What all the news and weather folk have been yammering about; “Snowmageddon,” is here. Call it a blizzard or just another nor’easter, it’s here, complete with all the *sturm and drang you could possibly wish for. But it’s January, and that’s pretty much what happens in January, or February, or even sometimes in March or April. The media always hypes it up; so don’t panic. It’s winter, so it’s gonna snow. A lot. And be very cold. That’s pretty much what happens in this neck of the woods–Old Man Winter knows that his time is limited, so he throws a few of these New England blizzards at us now and then to keep us on our toes.
We who live here understand that these storms can and do happen. Sometimes we lose power, sometimes we can’t get out, sometimes we have to do without some of our comforts; that’s winter for you.

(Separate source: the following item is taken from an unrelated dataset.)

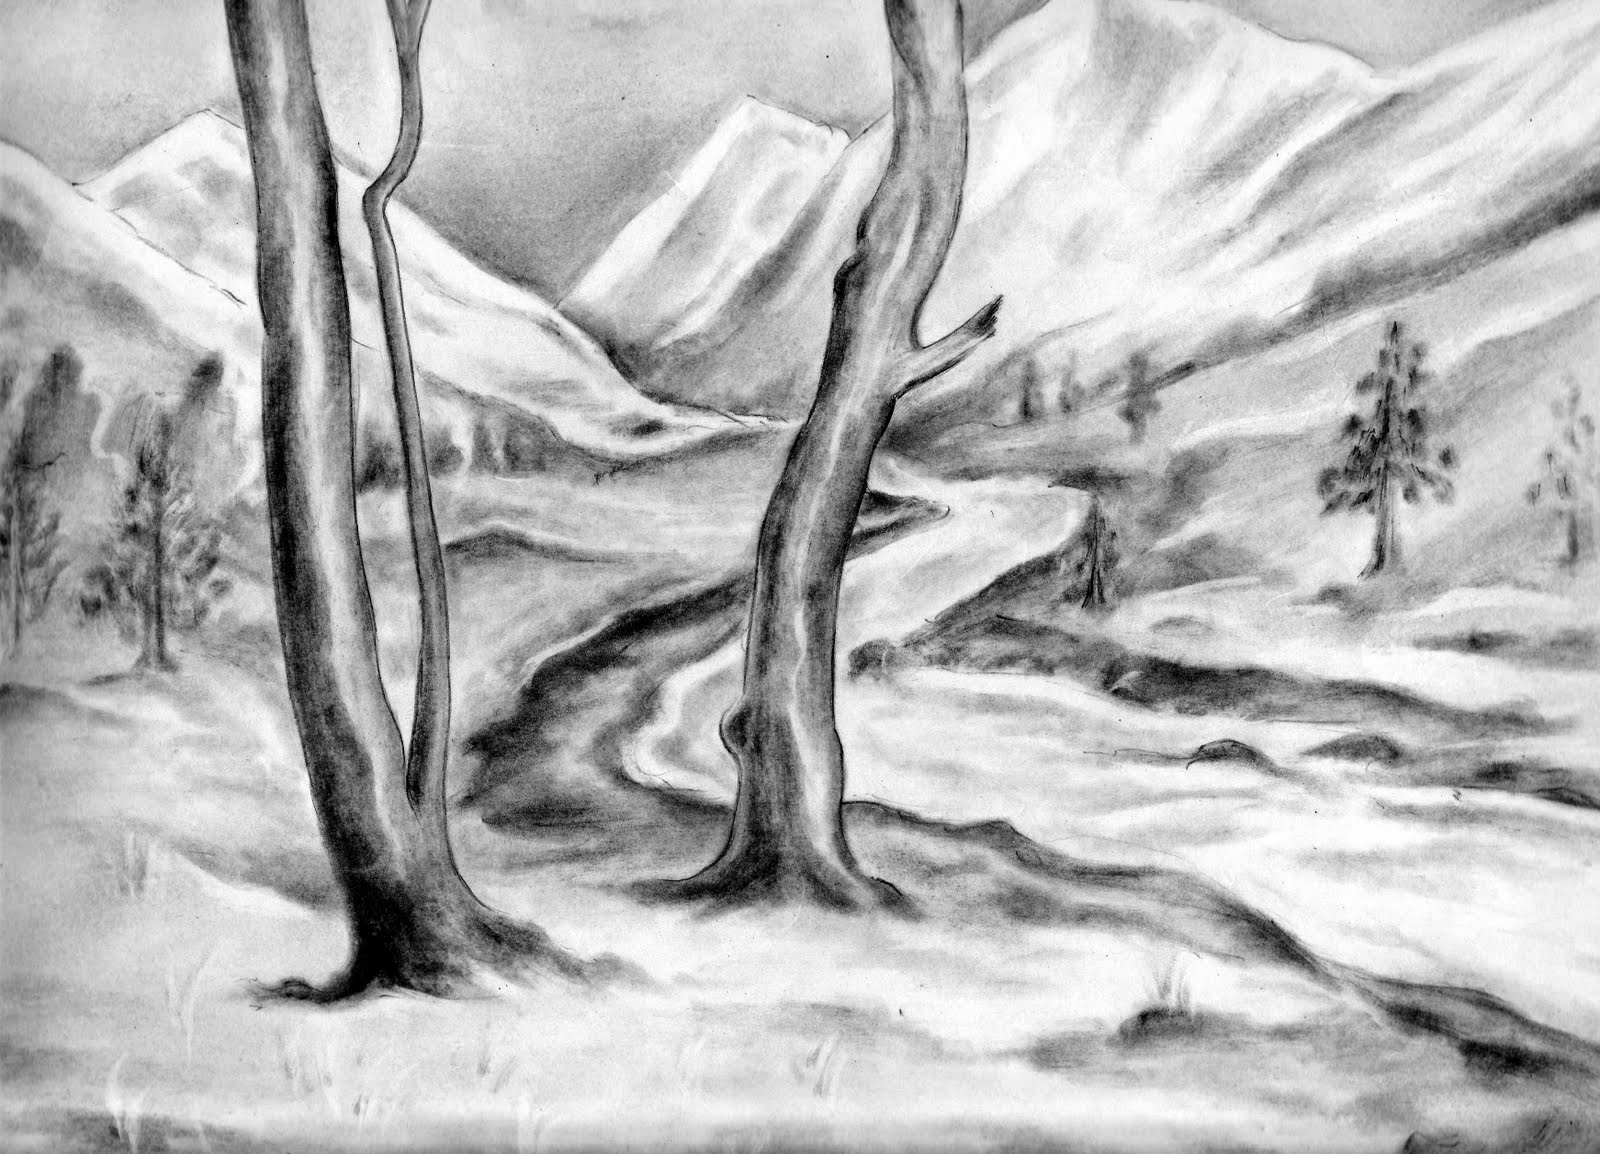 My pencil drawings natural
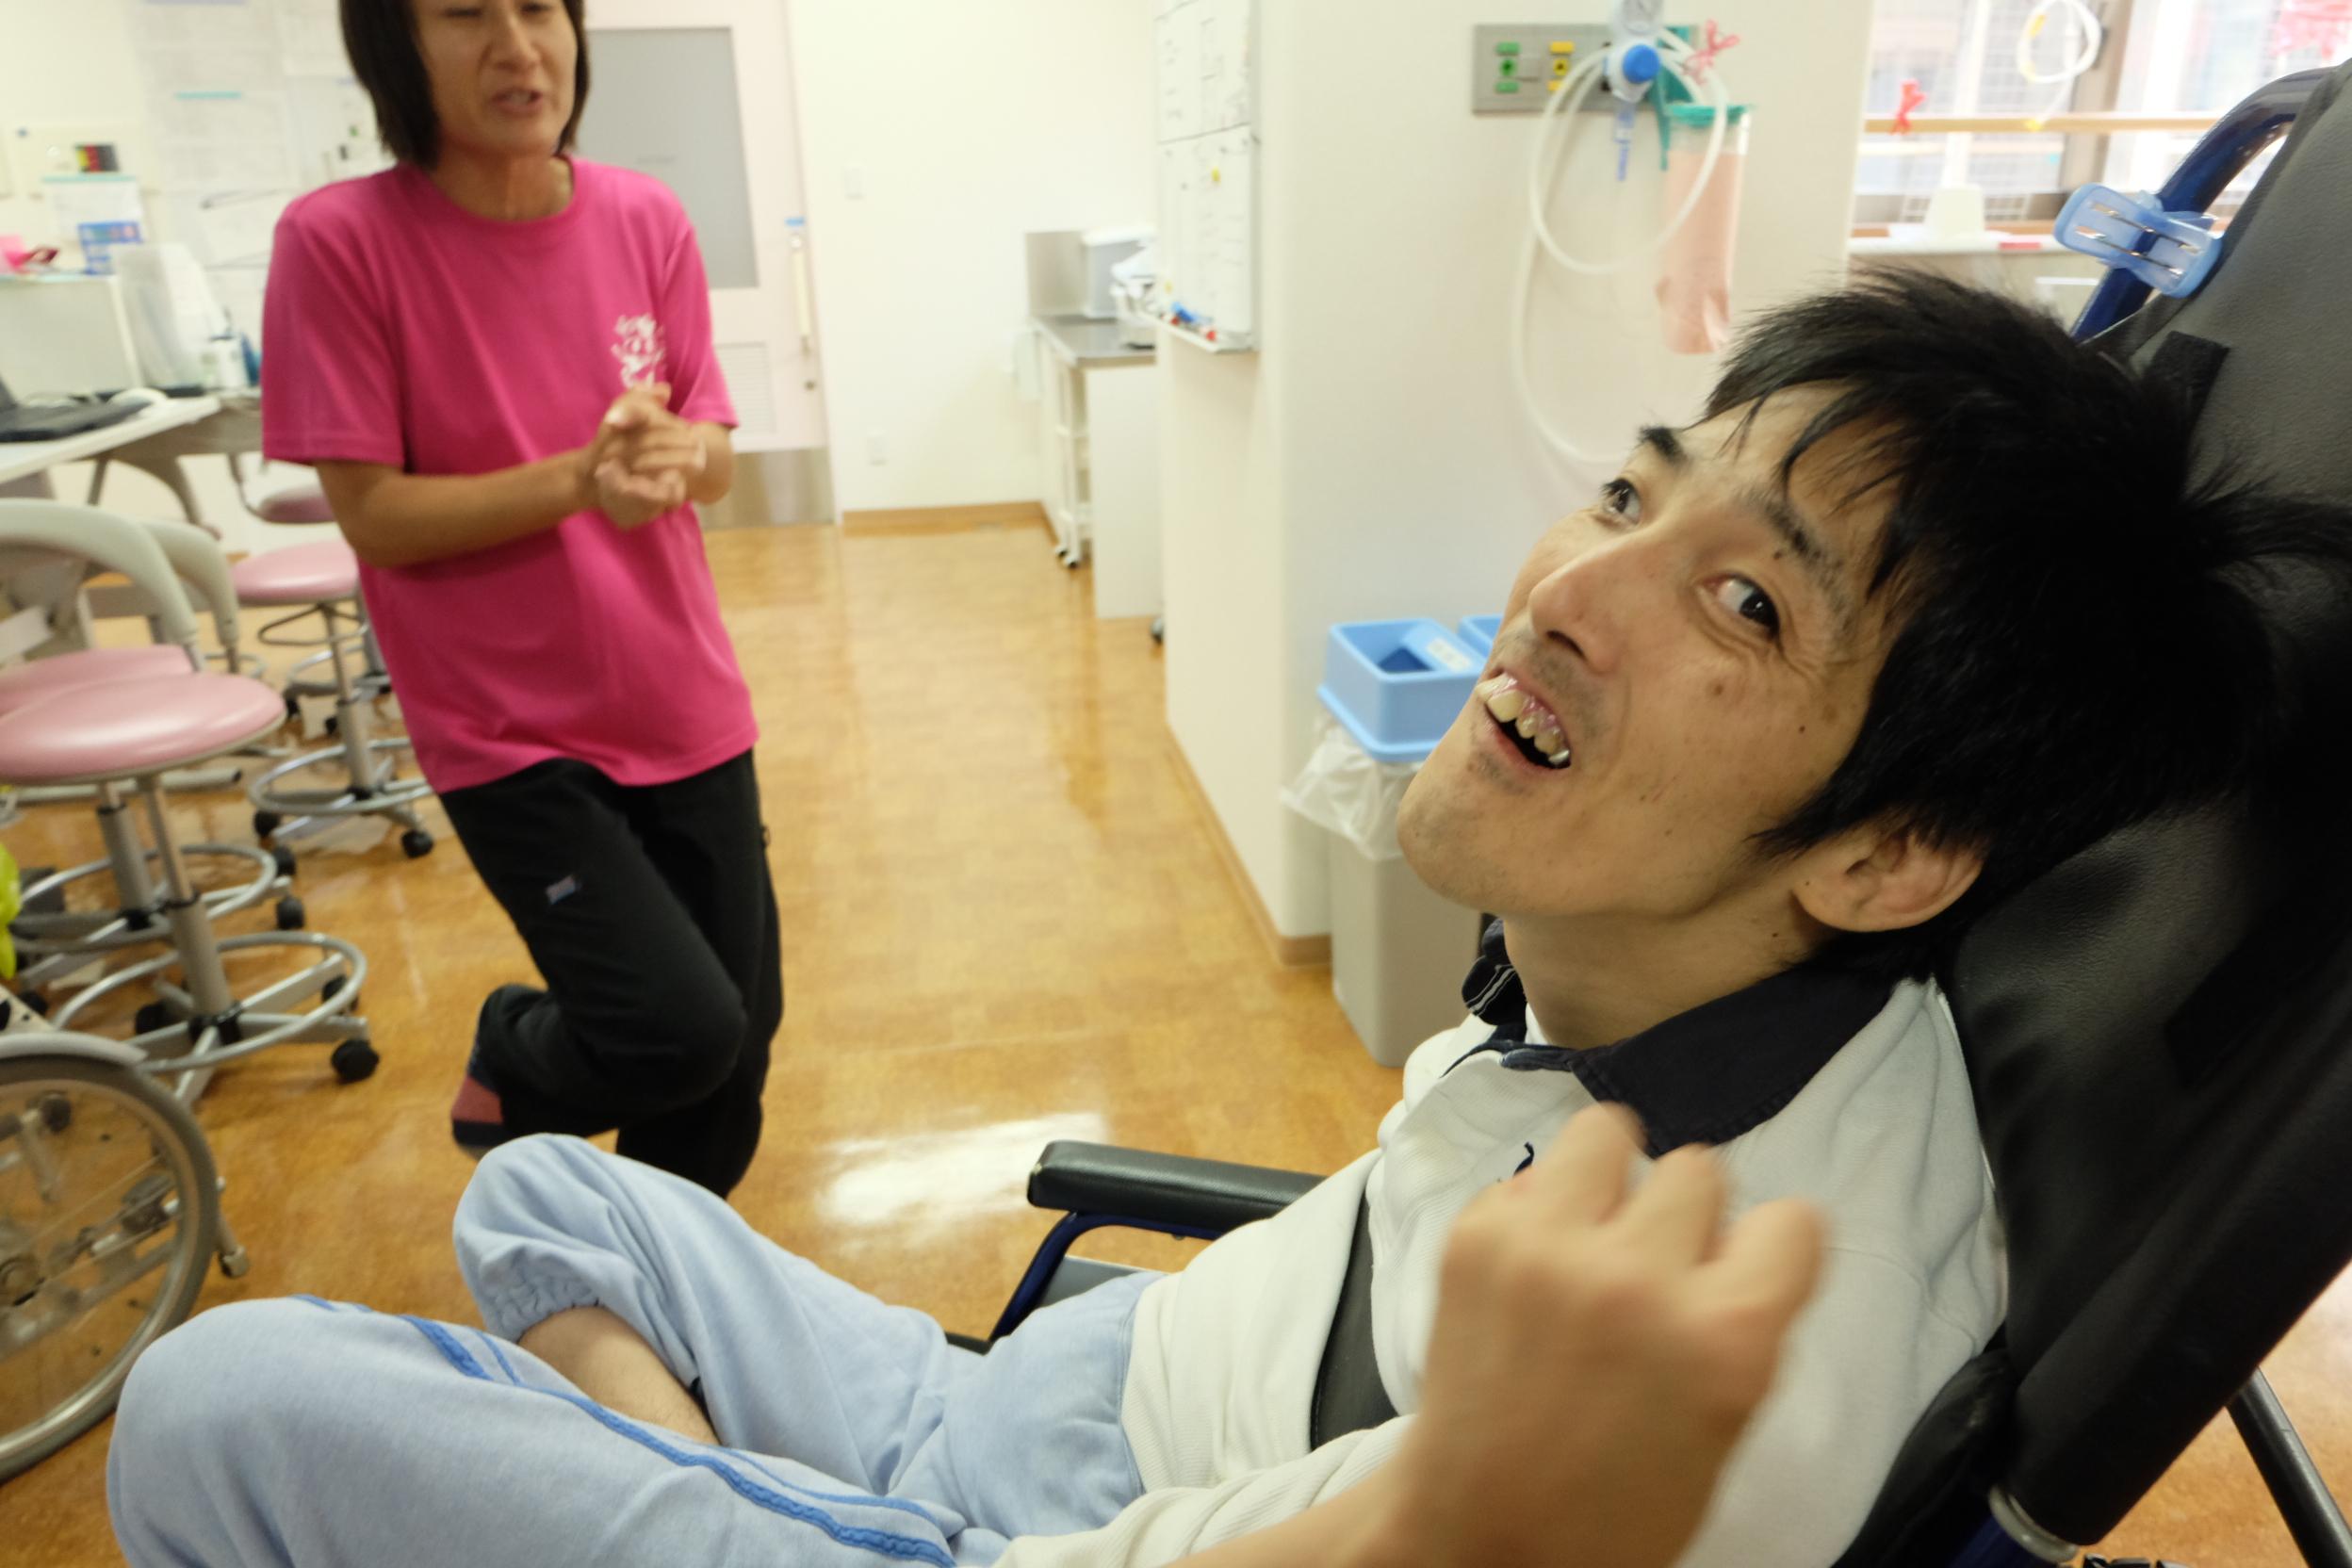 http://minato-yuu.or.jp/member/DSCF6742.JPG

Just be prepared as best you can. Pay attention to the sensible things when a snowstorm is imminent, i.e.; have plenty of batteries, flashlights, water, suitable clothing and footwear, candles and food. There are a gozillion web sites you can check to make sure you have everything you need, so check them out.
But here’s the thing about snowstorms–it gives us a little island of solitude in a busy world. With all the distractions and goings-on of everyday life, we often forget about simple pleasures. No TV? No problem. Read a book by candlelight or by the light of your handy-dandy headlamp (this is standard gear for us snow birds). No computer? Get out the Scrabble board. No social networking? Write a letter, or, if your phone is still working, call someone. As for meals, it’s always good to have a little propane grill. You bundle up, take the grill outside (this bit is critical–DO NOT use the propane grill in the house or in a closed-in porch–EVER!), and grill up some hot dogs or burgers or chicken or vegetables or, one of my favorites, a **hobo pack.
For me, the gift a blizzard gives us is the knowledge that we are not in control; we never were. But even as it’s humbling to be in the grip of something so powerful, it’s a reminder that we are only visitors on this earth and we’d better make the most of our time. No matter what pressing issues are on our plates or where we should be, nothing is as important as living our lives well.
Of course I won’t like it if we lose power and we can’t make coffee. Of course our one indoor/outdoor cat, Plumpy-Nut, will walk from door to door, hoping that one of them will open up to sunshine and flowers. Of course it’s inconvenient (and a little scary) to be without power. But these are transitory things, and as long as we’re prepared, we’re good to go.
Right now, our knights of the snow; all the snowplow drivers, police force, EMTs, firemen, and all those folks who make our towns safe for us–all are doing their best to keep things running smoothly until “Snowmageddon” tires himself out and goes on vacation to Bermuda. These are regular people with families who, unlike the rest of us, have to be at work in all this snow and wind. Bless them all!
Until all this has past, I wish you all safe harbor. For myself, I’m going to go get another cup of coffee before our power poops out.
*German, literally, storm and stress, from Sturm und Drang (1776), drama by Friedrich von Klinger †1831 German novelist and dramatist
**A hobo pack consists of a goodish size square of aluminum foil, filled with some vegetables and chicken or fish (or whatever you like). Toss in some soy sauce or Thai peanut sauce, or barbeque sauce or whatever, and seal up the aluminum foil in a neat pouch. Toss it on the grill for 20-30 minutes, depending on how fast your protein will cook. Unwrap and enjoy!